The easiest day to get in trouble

I’m not a big fan of Valentine’s Day. Why? Because it tends to set men up for the big fall; kind of like a curveball that drops 6 inches in the strike zone and leaves a hitter flapping at air.

By: Kevin Holten, The Dickinson Press

I’m not a big fan of Valentine’s Day. Why? Because it tends to set men up for the big fall; kind of like a curveball that drops 6 inches in the strike zone and leaves a hitter flapping at air.

Then again, it’s really all about the shopping part of it, isn’t it? Because the odds of you buying your wife or girlfriend the right gift (or hitting the bullseye on that one) are at least 1 million-to-1 since, not only do you not know what they really want, but neither do they.

Of course, I’m a horrid attention deficit shopper anyway. Plus God apparently intended for me to be independently wealthy, with servants to do it for me or why would he have given me absolutely no abilities in this area? Not that I am the only male who is cursed with this deficit.

In fact, marriage and love probably would have been outlawed long ago were it not for Charles II of Sweden who introduced the tradition of “flower writing” in Europe way back in the 18th century. You see, that’s when they started giving their special someone flowers on those momentous occasions as a non-verbal declaration of love, and it’s those roses today that are keeping many a husband and boyfriend from having to walk the “Divorce or Dear John Letter” gangplank.

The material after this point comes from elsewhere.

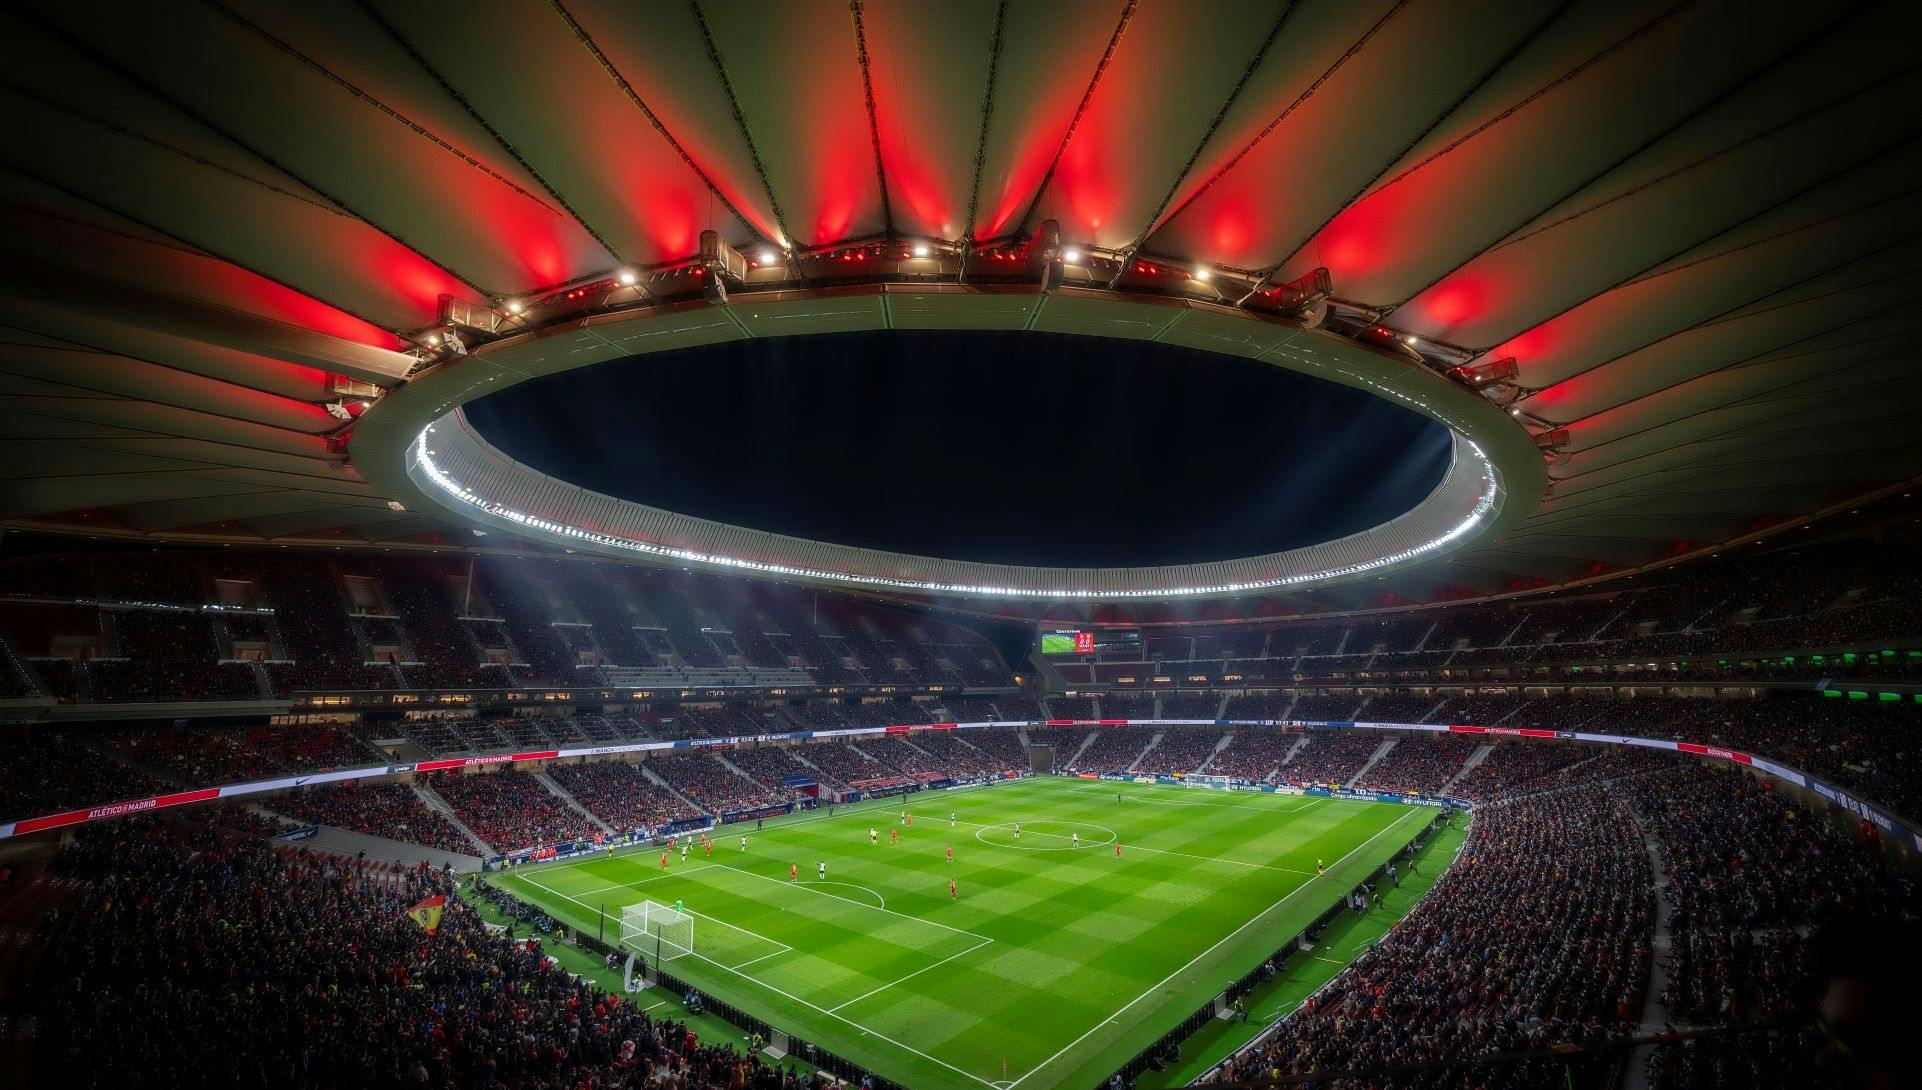 Billets pour le musée de l'Atlético de Madrid et visite du stade
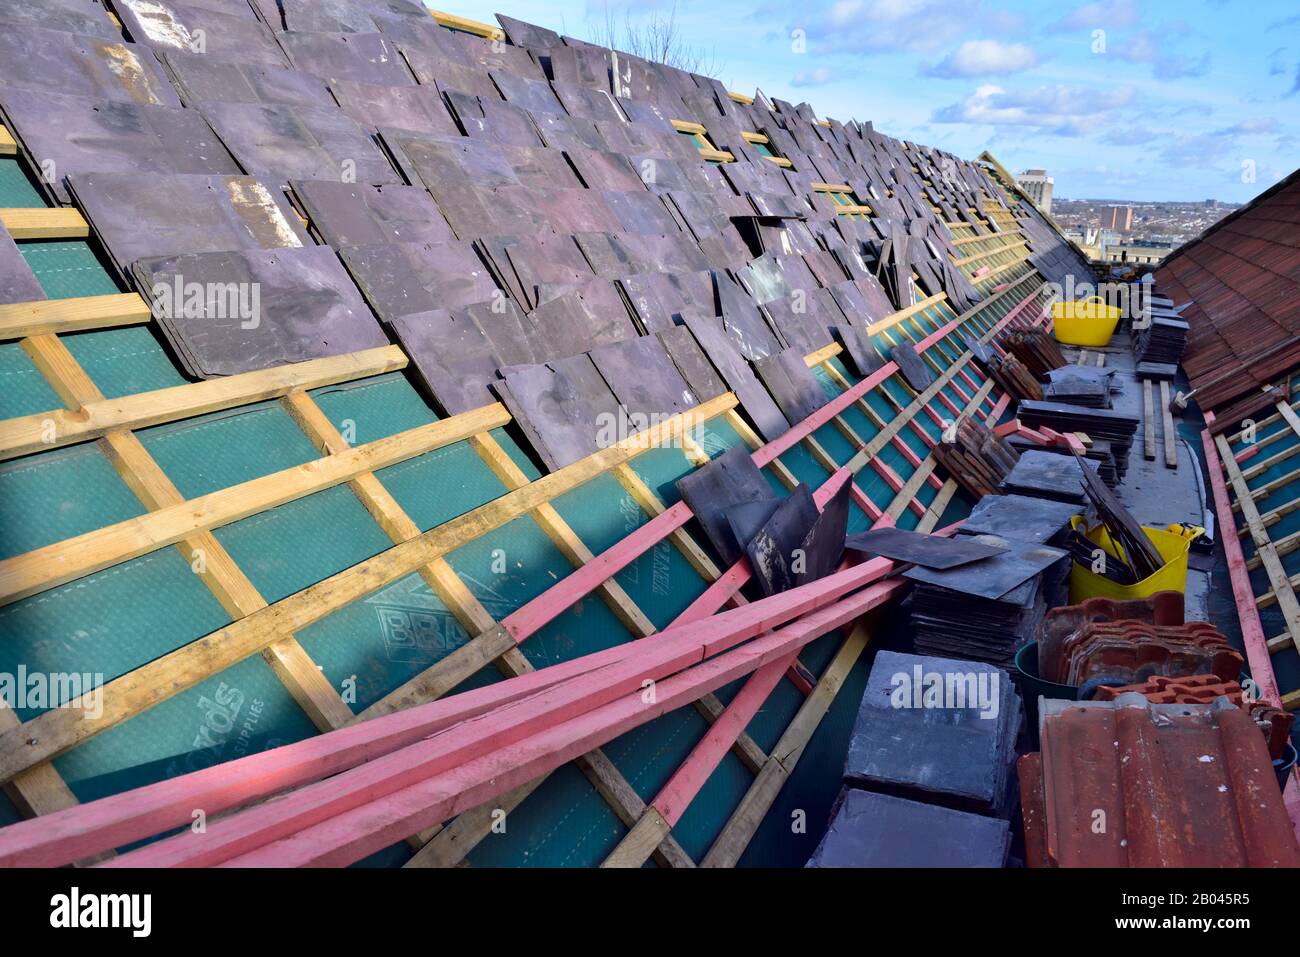 Le toit en ardoise est reconstruit lors de la rénovation du bâtiment, en Angleterre, au Royaume-Uni Banque D'Images

Still, the status of Valentine’s Day is a little shaky anyway since nobody really seems to know how the goofy thing got started, not to mention that it supposedly originated with three different saints who all had the same name, Valentine, and who happened to die on the same day, years apart.

One of them was a priest who served during the third century in Rome and it was then that Emperor Claudius II decided that single men made better soldiers and outlawed marriage for those young dudes. But our boy Valentine went ahead and performed marriage ceremonies for lovers in secret anyway and when Claudius found out that his silly little rule was being broken, he had Val done in on Feb. 14, which automatically makes that the first Valentine’s Day. How’s that for a romantic story?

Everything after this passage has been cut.